Ah. I guess that's the kind of thing I would know if I read the articles I link to in my comments.

Thanks, both of you, for pointing it out.

Reply Score: 2

Vai777 Member since:
2005-09-02

Man, I don't want to be rude, but I'm no longer able to stand people like you who just google "OS X Address Space Randomization" and spit a link. I'm sure that you don't even know/understand what Address Space Randomization is.

This kind of comment can possibly wrongly inform readers like me who then assume, based on your comment, that OS X has Address Space Randomization.

Reply Score: 1

cristoper Member since:
2009-02-15

Hi Vai777,

I understand your frustration, but I won't admit to being guilty to all of your charges. When I first read the article I remembered having read some time ago that some version of Darwin introduced address space randomization. I checked Wikipedia's version history to find when that was and posted the link.

And I wasn't completely wrong. Here is from Apple about this feature in Mac OS X 10.5 (http://www.apple.com/macosx/features/300.html#security):

One of the most common security breaches occurs when a hacker’s code calls a known memory address to have a system function execute malicious code. Leopard frustrates this plan by relocating system libraries to one of several thousand possible randomly assigned addresses.

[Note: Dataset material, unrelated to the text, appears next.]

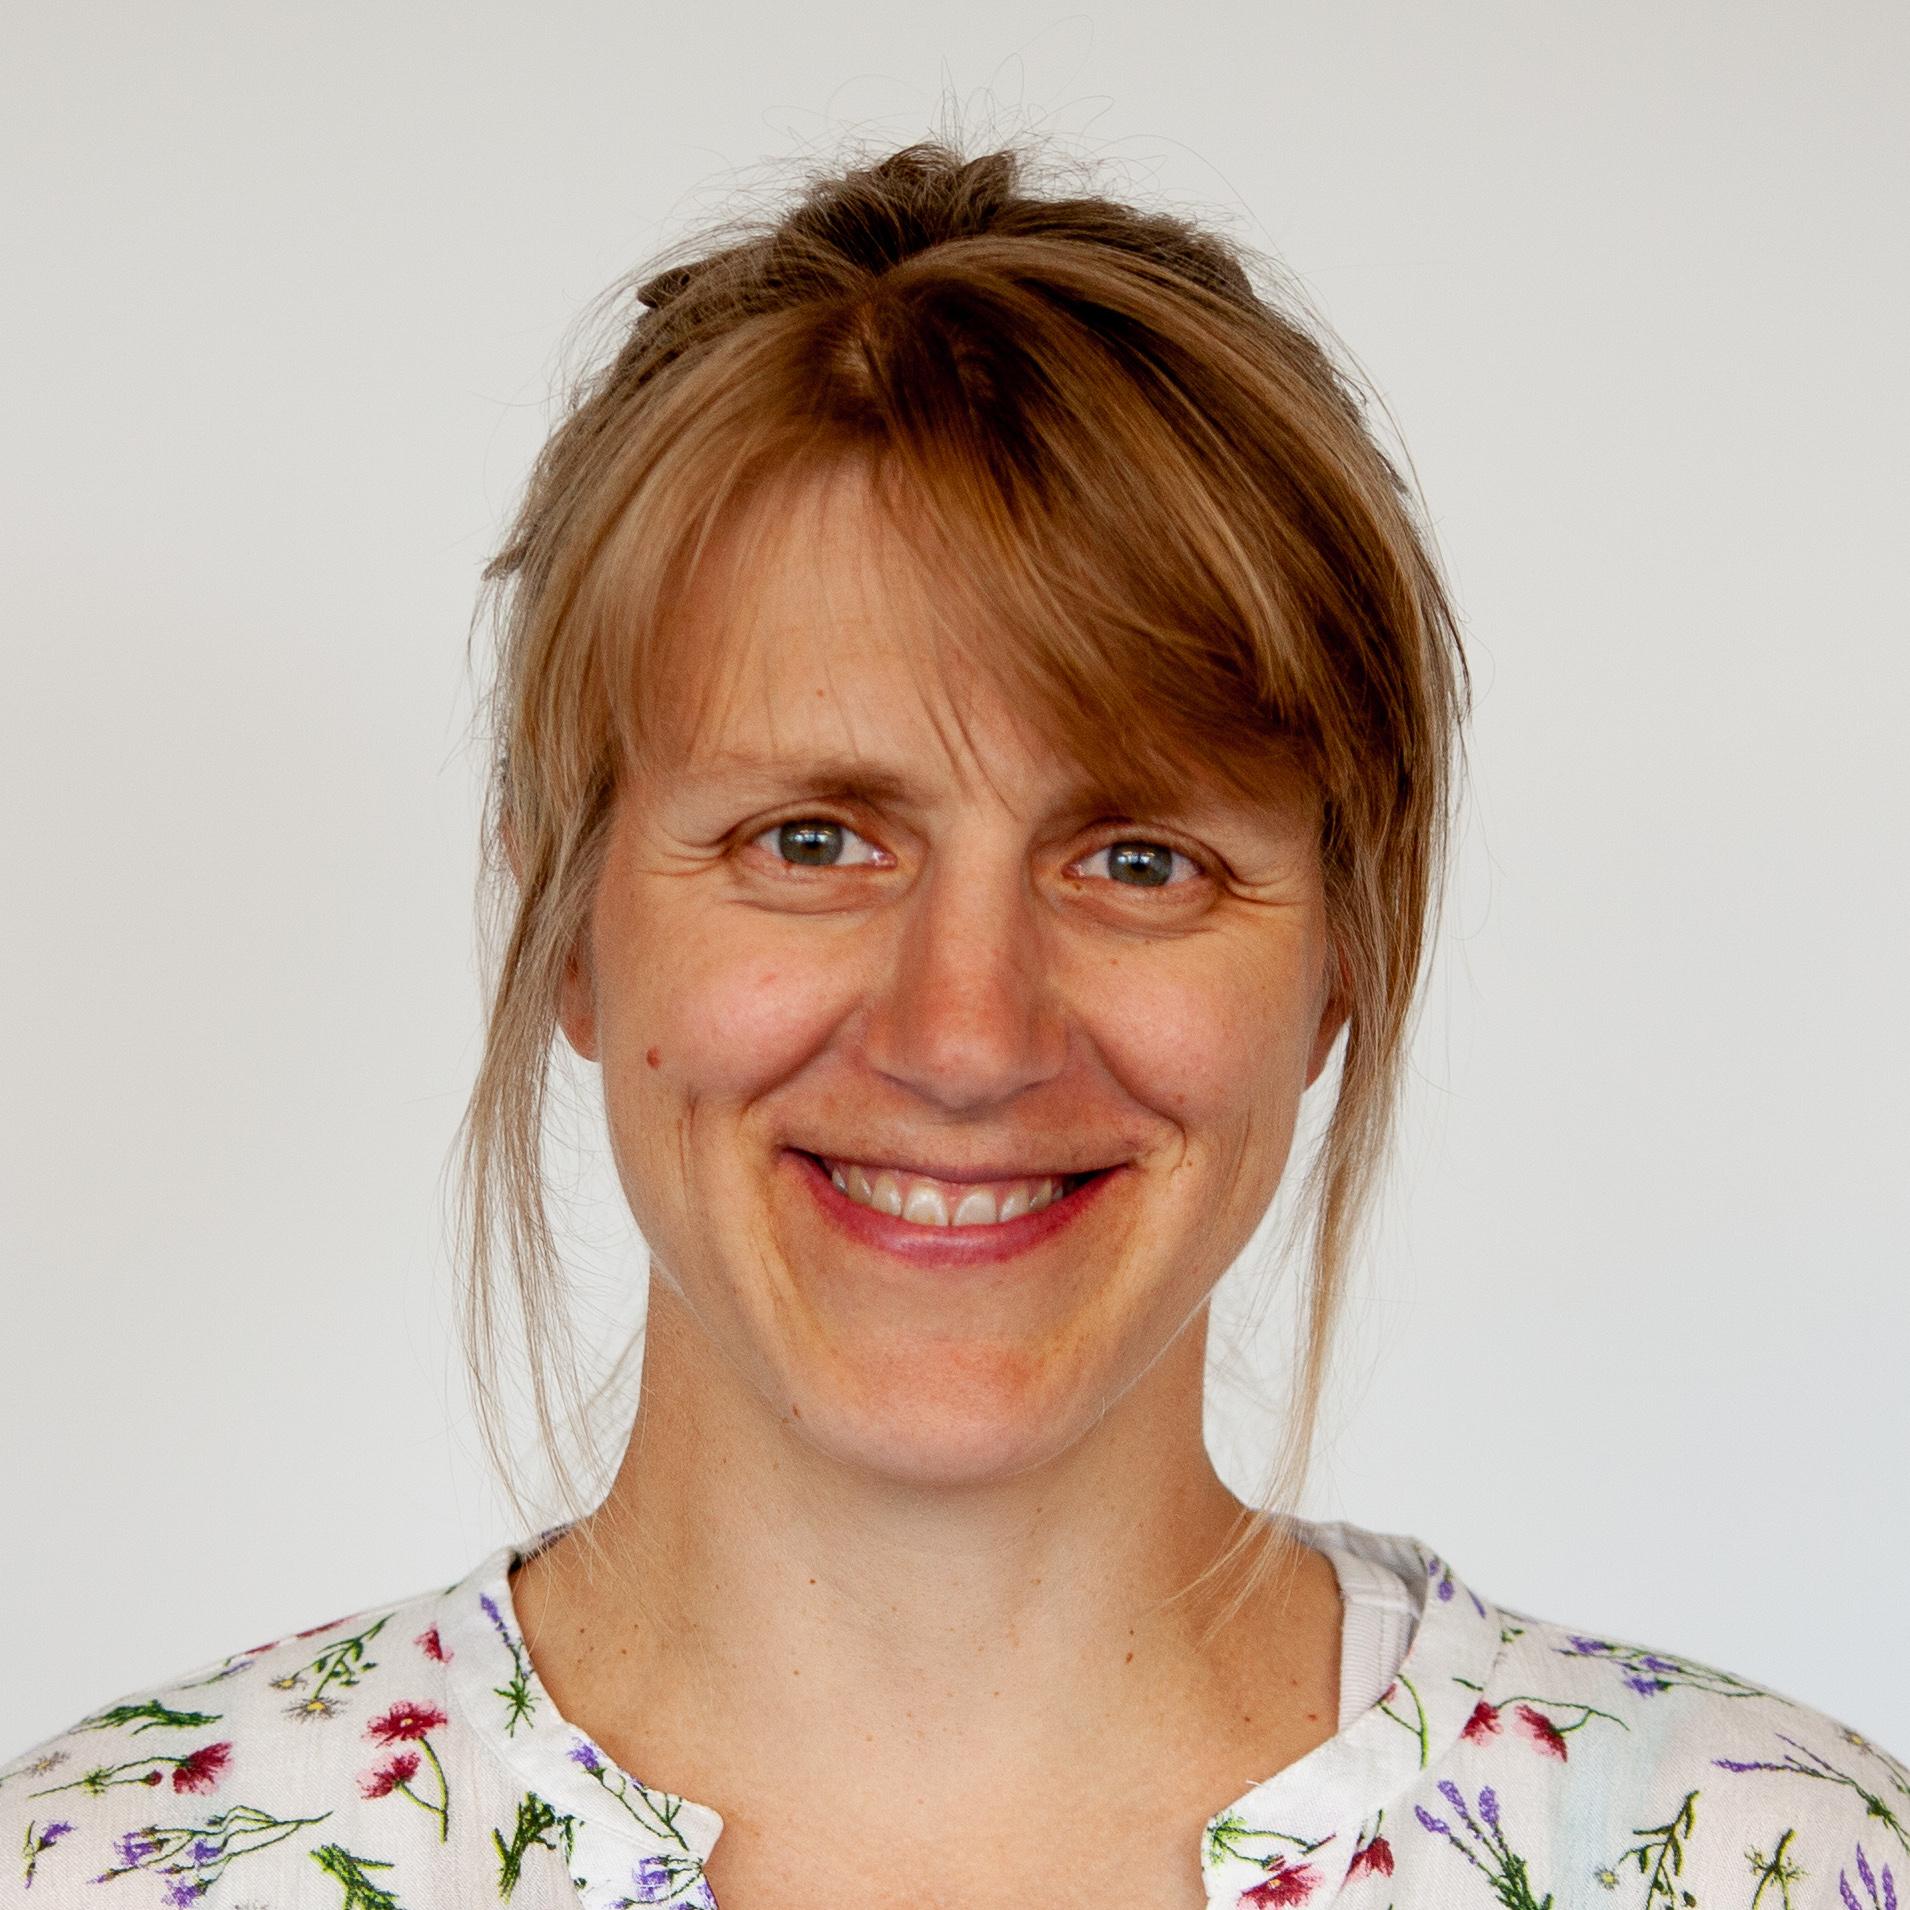 Anna  Pernestål Brenden

However, the Wikipedia article on ASLR, which is linked from the article I linked to and I should have read, points out that the Leopard implementation is incomplete. This was discovered by a third party; specifically (http://www.matasano.com/log/981/a-roundup-of-leopard-security-featu...):

The dynamic linker library (dyld) is not randomized. From what I can tell, ten different Leopard macs booted at ten different times will have the same offset to dyld.

And, also, while many library offsets are randomized, the heap and stack appear not to be (http://www.matasano.com/log/986/what-weve-since-learned-about-leopa...).

Reply Score: 1

erikharmon Member since:
2007-06-20


And, also, while many library offsets are randomized, the heap and stack appear not to be (http://www.matasano.com/log/986/what-weve-since-learned-about-leopa...).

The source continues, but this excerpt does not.